Qui egli si fidò pienamente dei suoi, i quali, sconfitti, non poterono far altro che lagnarsi dei giudici.
Egli però non nega che essi erano ritornati da Costantino; e poiché anche in questo caso erano stati vinti con giudizio definitivo, accusa anche lui di corruzione e di favoritismo.
Ora, alla luce di tutti questi fatti, chi giudica senza parzialità scelga a chi credere: se ai giudici, che hanno emesso le sentenze, o ai litiganti, contro i quali sono state emesse, che si rifiutavano di porre fine alla contesa.
Senza dubbio il mondo ha creduto ai giudici.
Quanti invece sono dalla parte dei Donatisti e li difendono, riconoscono di credere a quelli che, in tante discussioni d'oltremare, non sono riusciti a vincere la loro causa, quale che fosse, e che, con ingenua credulità, accettano le lagnanze e le accuse contro i giudici.
Ora, se in questa faccenda, essi si dichiarano innocenti e si rifiutano di credere, alla leggera, che quelli che sono stati vinti, li ha vinti la verità, a maggior ragione sono innocenti quelli che si rifiutano di credere, alla leggera, qualche male degli stessi giudici di cui i vinti inevitabilmente si lamentano!
In effetti, non solo chi ha perso una causa giusta deplora l'iniquità, la lentezza e la negligenza del giudice, ma anche chi ha ricevuto una giusta condanna mormora del giudice innocente, con la stessa cecità con cui litigava con l'avversario innocente.
I Donatisti, quindi, non sono scellerati perché non vogliono credere niente, alla leggera, dei vinti, ma perché, con il furore di uno scisma, si sono separati da quei innocenti, che non vogliono credere nulla di male dei giudici e che hanno molte più ragione a non farlo.
Sorga dunque una Chiesa di quelle regioni: quella che per il nome di Cristo è la più nobile tra le sette e, se vi piace, in particolare Filadelfia, ( Ap 1,11 ) che nel suo nome simbolico, annuncia, nella lingua greca, la carità fraterna.
Ascoltiamone dunque la voce; e non parli la sua paglia, ma il suo frumento.
Supponiamo, che essa dica ai Donatisti: " Che avete contro di me, fratelli?
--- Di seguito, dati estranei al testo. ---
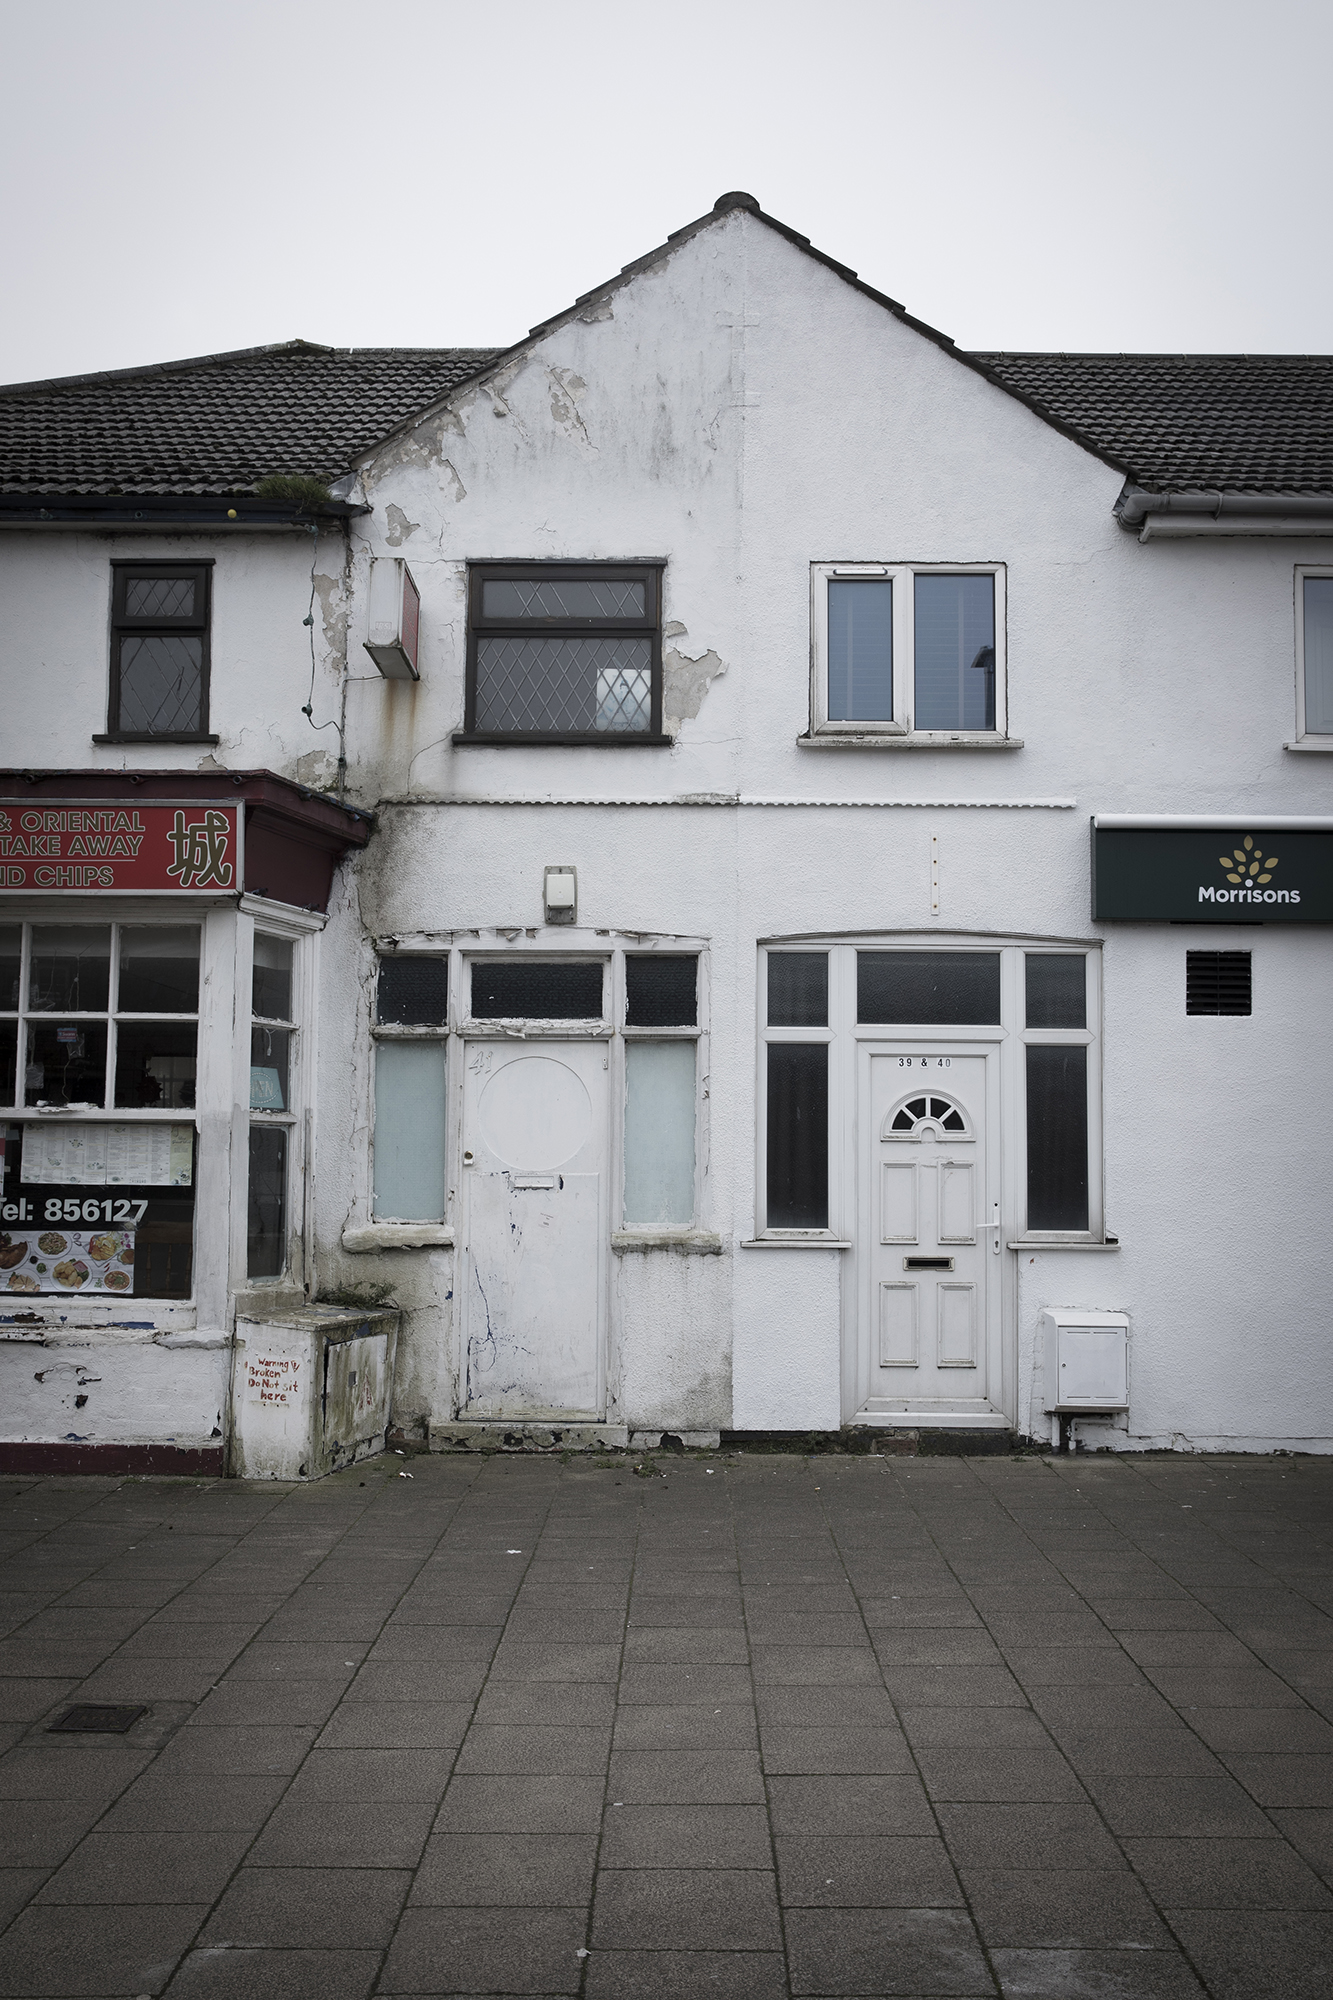 BA (Hons) Documentary Photography work by Mya Fairweather. Location of Missing Person Case

Di che mi accusate?
Quanto io sia lontana dall'Africa in termini di spazio, voi avete potuto in parte saperlo e in parte sentirlo.
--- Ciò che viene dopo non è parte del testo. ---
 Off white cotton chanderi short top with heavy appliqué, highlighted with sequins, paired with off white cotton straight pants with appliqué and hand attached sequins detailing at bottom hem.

Ciò che allora vi hanno fatto o i traditori o gli accusatori e i condannatori dei traditori, o i calunniatori e gli oppressori degli innocenti, lo ignoro totalmente.
Ma il nostro Signore, che ha acquistato il mondo a prezzo del suo sangue, e il cui santo acquisto il profeta ha celebrato tanto tempo prima, dicendo: Hanno trapassato le mie mani e i piedi, hanno contato tutte le mie ossa.
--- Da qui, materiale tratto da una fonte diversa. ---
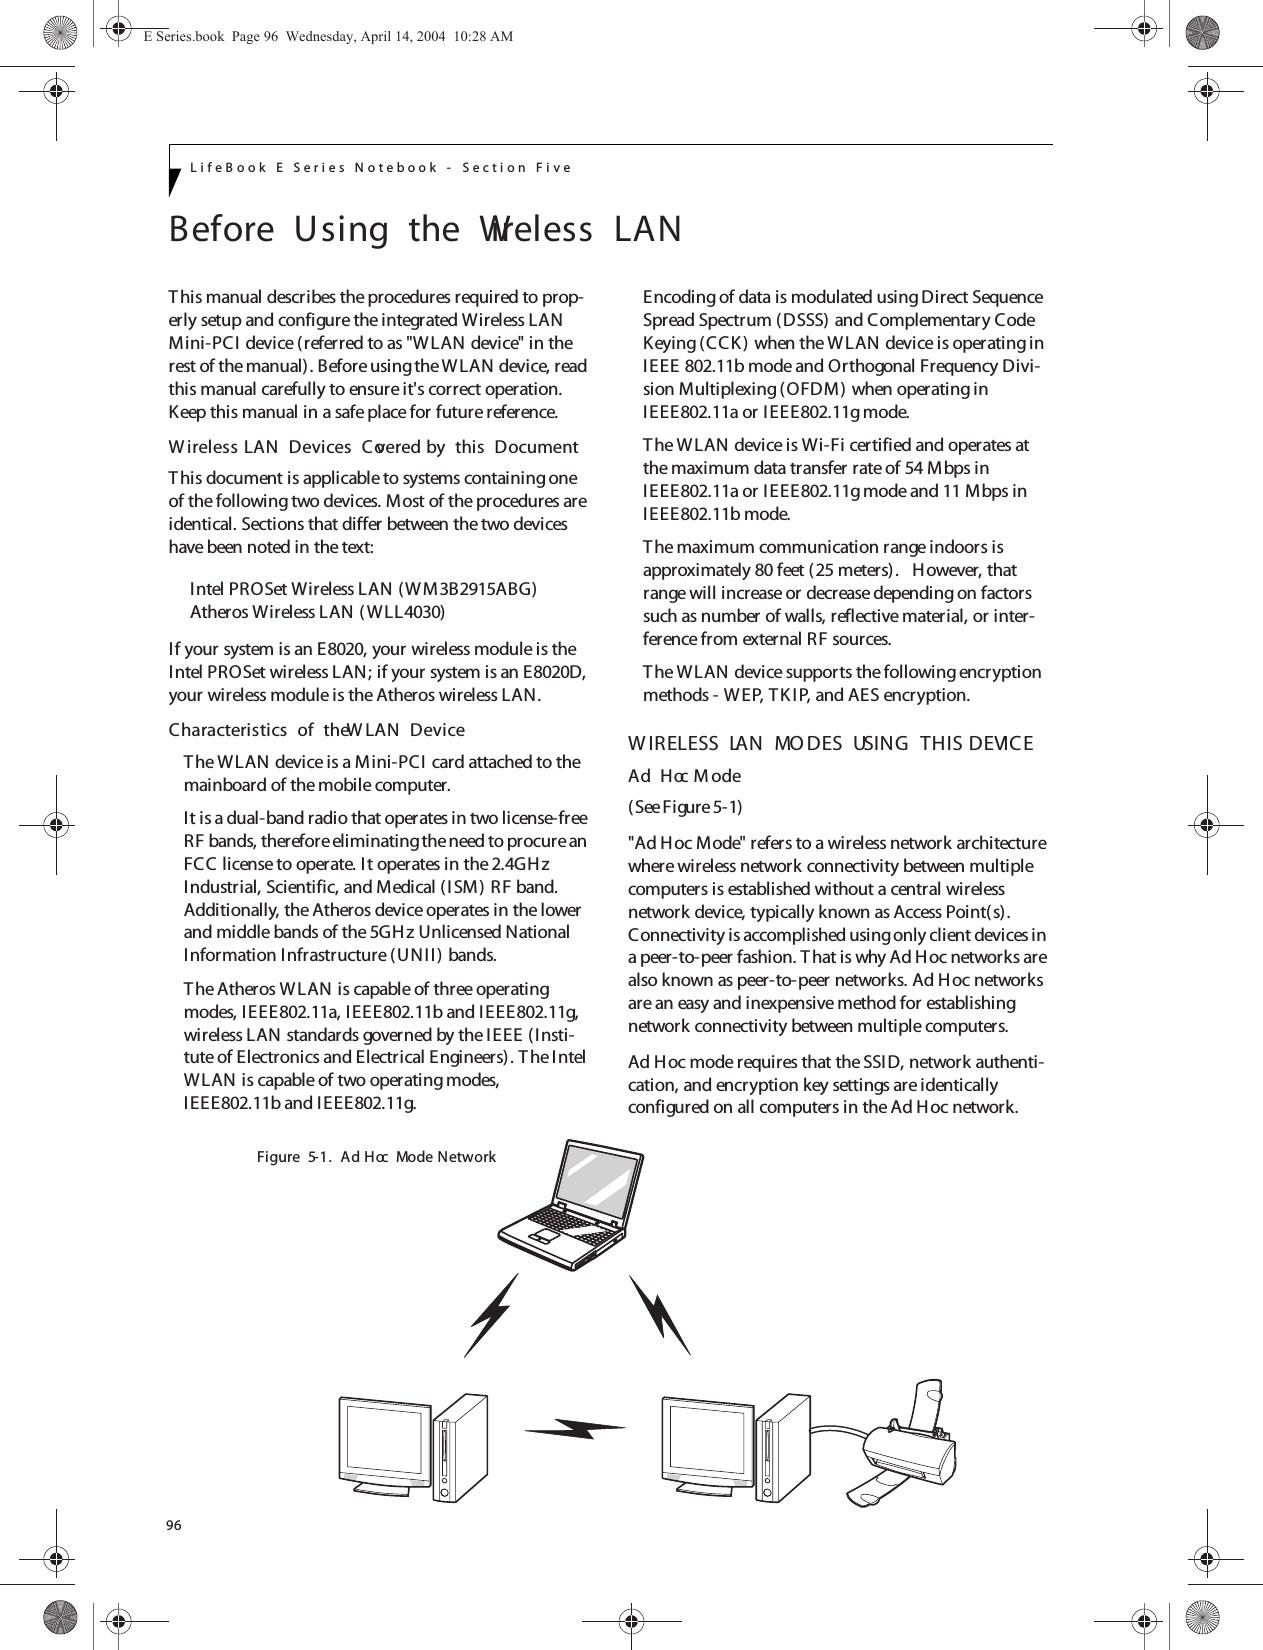 96LifeBook E Series Notebook - Section FiveBefore  Using  the  Wireless  LANThis manual describes the procedures required to prop-erly setup and configure the integrated Wireless LAN Mini-PCI device (referred to as &quot;WLAN device&quot; in the rest of the manual). Before using the W LAN device, read this manual carefully to ensure it&apos;s correct operation. Keep this manual in a safe place for future reference.W ireless LAN  Devices  Covered by  this  DocumentThis document is applicable to systems containing one of the following two devices. Most of the procedures are identical. Sections that differ between the two devices have been noted in the text:Intel PROSet Wireless LAN (WM3B2915ABG)Atheros Wireless LAN (WLL4030)If your system is an E8020, your wireless module is the Intel PROSet wireless LAN; if your system is an E8020D, your wireless module is the Atheros wireless LAN.Characteristics  of  the W LAN  DeviceThe WLAN device is a Mini-PCI card attached to the mainboard of the mobile computer. It is a dual-band radio that operates in two license-free RF bands, therefore eliminating the need to procure an FCC license to operate. It operates in the 2.4GH z Industrial, Scientific, and Medical (I SM) RF band. Additionally, the Atheros device operates in the lower and middle bands of the 5GH z Unlicensed National Information Infrastructure (UNII) bands. The Atheros WLAN is capable of three operating modes, IEEE802.11a, IEEE802.11b and IEEE802.11g, wireless LAN standards governed by the IEEE (Insti-tute of Electronics and Electrical Engineers). T he Intel WLAN is capable of two operating modes, IEEE802.11b and IEEE802.11g.Encoding of data is modulated using Direct Sequence Spread Spectrum (DSSS) and Complementary Code Keying (CCK ) when the WLAN device is operating in IEEE 802.11b mode and Orthogonal Frequency Divi-sion Multiplexing (OFDM) when operating in IEEE802.11a or I EEE802.11g mode. The W LAN device is Wi-Fi certified and operates at the maximum data transfer rate of 54 Mbps in IEEE802.11a or IEEE802.11g mode and 11 Mbps in IEEE802.11b mode.The maximum communication range indoors is approximately 80 feet (25 meters).   However, that range will increase or decrease depending on factors such as number of walls, reflective material, or inter-ference from external RF sources.The WLAN device supports the following encryption methods - WEP, TK I P, and AES encryption.W IRELESS  LAN  MO DES  USING  THIS  DEVICEAd  Hoc M ode (See Figure 5-1)&quot;Ad H oc Mode&quot; refers to a wireless network architecture where wireless network connectivity between multiple computers is established without a central wireless network device, typically known as Access Point(s). Connectivity is accomplished using only client devices in a peer-to-peer fashion. T hat is why Ad Hoc networks are also known as peer-to-peer networks. Ad Hoc networks are an easy and inexpensive method for establishing network connectivity between multiple computers.Ad Hoc mode requires that the SSID, network authenti-cation, and encryption key settings are identically configured on all computers in the Ad Hoc network. Figure  5-1.  Ad  Hoc  Mode NetworkE Series.book  Page 96  Wednesday, April 14, 2004  10:28 AM

Mi hanno guardato e considerato, hanno diviso tra loro le mie vesti e hanno tirato a sorte la mia veste, ( Sal 22,17-19 ) tra noi e voi, non ha costituito spazi vuoti e privi di cristiani, ma li ha riempiti tutti di gente santificata dal suo nome.
Nello stesso salmo di passione, infatti, è stato dichiarato non solo il prezzo pagato, ma anche la quantità acquistata.
Infatti, poco dopo vi si dice: Si ricorderanno e si convertiranno al Signore dell'universo, tutti i confini della terra e si prostreranno davanti a lui tutte le famiglie delle nazioni, poiché suo è il regno ed egli dominerà le nazioni. ( Sal 22,28-29 )
Della vostra questione, quindi, forse sarei obbligata a occuparmi solo se fossi vicina o molto lontana, e se tra noi e voi non abitassero altri cristiani, segnati dallo stesso nome e dalla pace della stessa unità.
Senonché tra noi e voi si trovano molte famiglie di nazioni, acquistate insieme a me col sangue di colui, al cui cospetto si prostrano tutte insieme a me.
È per il loro tramite che mi è giunta notizia di voi; e sono esse che, per la vicinanza, avrebbero potuto esaminare la vostra causa.
Se questo non è stato fatto, voi siete stati negligenti; se infatti non foste stati trascurati dagli altri, non verreste fino a noi.
Ma se c'è stato un giudizio, scusatemi: io non oso credere con leggerezza a voi sconfitti e condannare con altrettanta leggerezza i vostri giudici.
Un'altra cosa, poi, mi colpisce profondamente: se voi, benché innocenti, foste stati oppressi, amereste almeno noi fratelli che non vi abbiamo fatto nessun danno.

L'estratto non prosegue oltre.